O Brussels Beer Challenge é um dos mais prestigiados concursos cervejeiros do mundo (Foto: Bart Van der Perre/Divulgação)

Atualizada, 11/1/2023, 14:35

Em 2016, a cultura da cerveja belga foi declarada pela Unesco Patrimônio Imaterial da Humanidade. Segundo o Relatório Anual de Cervejarias Belgas de 2015, a Bélgica contava com aproximadamente 200 cervejarias, número expressivo se levado em conta o tamanho do território do país europeu, pouco maior do que o estado de Alagoas (em torno de 30.528 km²). Um paraíso para o apreciador de cerveja, a escola cervejeira belga criou receitas cultuadas como a da DeuS, que nos últimos anos foi incorporada ao portfólio da InBev (leia mais aqui). Daniel Wolff, sommelier de cervejas e diretor da rede Mestre-Cervejeiro.com, condecorado na cerimônia de abertura do Brussels Beer Challenge 2016 membro honorário da Cavalaria da Pá de Brassagem, tradicional grupo da Confederação das Cervejarias Belgas, preparou as dicas sobre essa escola cervejeira, que a Beer Art compartilha a seguir.

Porta de entrada

“As cervejas belgas, complexas e de perfil frutado, são apreciadas mundialmente, e algumas delas chegam a ser consideradas as melhores do mundo. Muitas vezes elas são uma porta de entrada ao universo das artesanais – principalmente para quem gosta de vinho.”

História

A tradição cervejeira belga tem uma longa história. Desde antes da conquista pelo Império Romano, há mais de 2 mil anos, já se produzia cerveja nos Países Baixos. Com a queda de Roma, o poder da Igreja cresceu e começaram a surgir alguns monastérios, que já vinham equipados com cervejarias para suprir a demanda dos próprios monges e, também, da população local.

“Com o tempo, os monastérios foram refinando suas técnicas e aprimorando as cervejas, que se desenvolveram com um perfil complexo, intensamente aromático, alcoólico e com uma complexidade transcendental de aromas e gostos. Ao mesmo tempo em que os monges ampliavam seus conhecimentos, as cidades cresciam, o que incentivou o surgimento de cervejarias que produziam em escala industrial. Algumas seguiam o padrão de produção das cervejas de abadia, enquanto outras mantiveram as técnicas de fermentação espontânea em tanques abertos, produzindo as chamadas cervejas Lambics. Assim, aos poucos, foi se desenhando o que atualmente chamamos de Escola Cervejeira Belga.”

Maior carta

Hoje, o bar com a maior carta de cervejas do mundo fica na capital belga, Bruxelas, contando com uma carta de mais de 3 mil rótulos.

“E, imagine, todas as cervejas belgas neste bar são servidas com a taça proprietária da cervejaria.

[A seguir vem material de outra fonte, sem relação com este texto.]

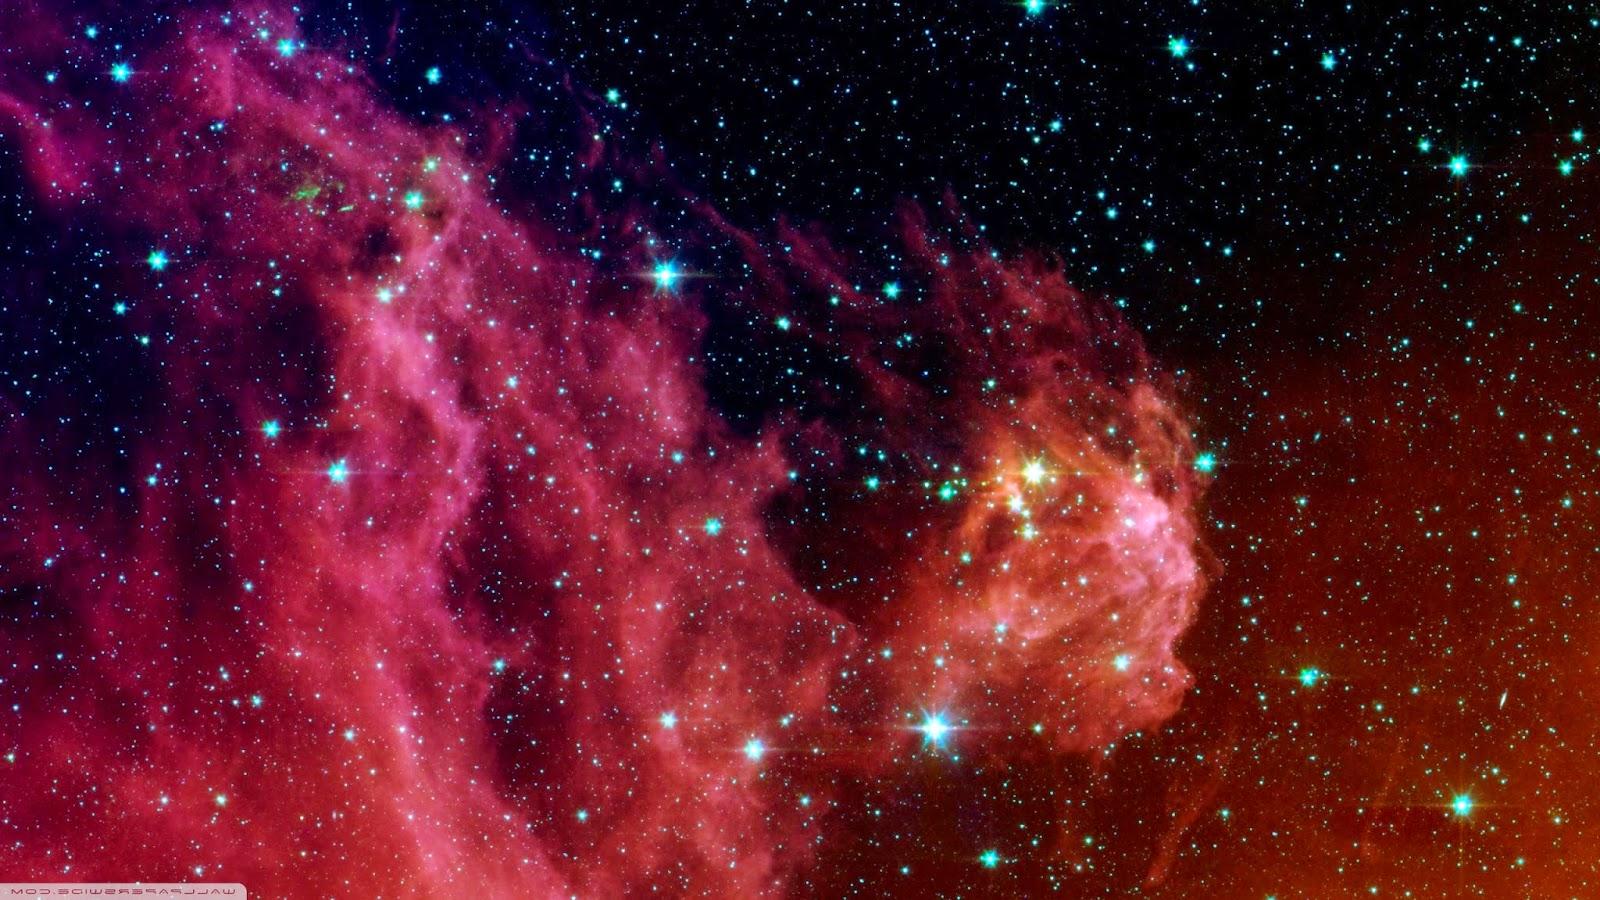 Galaxy Wallpaper Free Download Galaxy Wallpaper 2560x1440

Essa é a importância que os belgas dão à sua cerveja, e por isso a cultura da cerveja do país foi eleita como Patrimônio Cultural da Humanidade.”

Os estilos

Entre os principais estilos que compõem a rica paleta de cores, aromas e sabores da Escola Belga, estão (em cada um há sugestões de rótulos disponíveis na rede Mestre-cervejeiro):

Witbier - Cerveja de coloração amarelo-palha, normalmente turva, com boa formação de espuma densa e cremosa, com aromas cítricos e condimentados devido à adição de raspas de laranja e sementes de coentro. Na boca, baixo dulçor e leve acidez. É uma cerveja refrescante, ótima para dias de calor. Rótulos para conhecer: Hoegaarden, Celis White, St. Bernardus Wit.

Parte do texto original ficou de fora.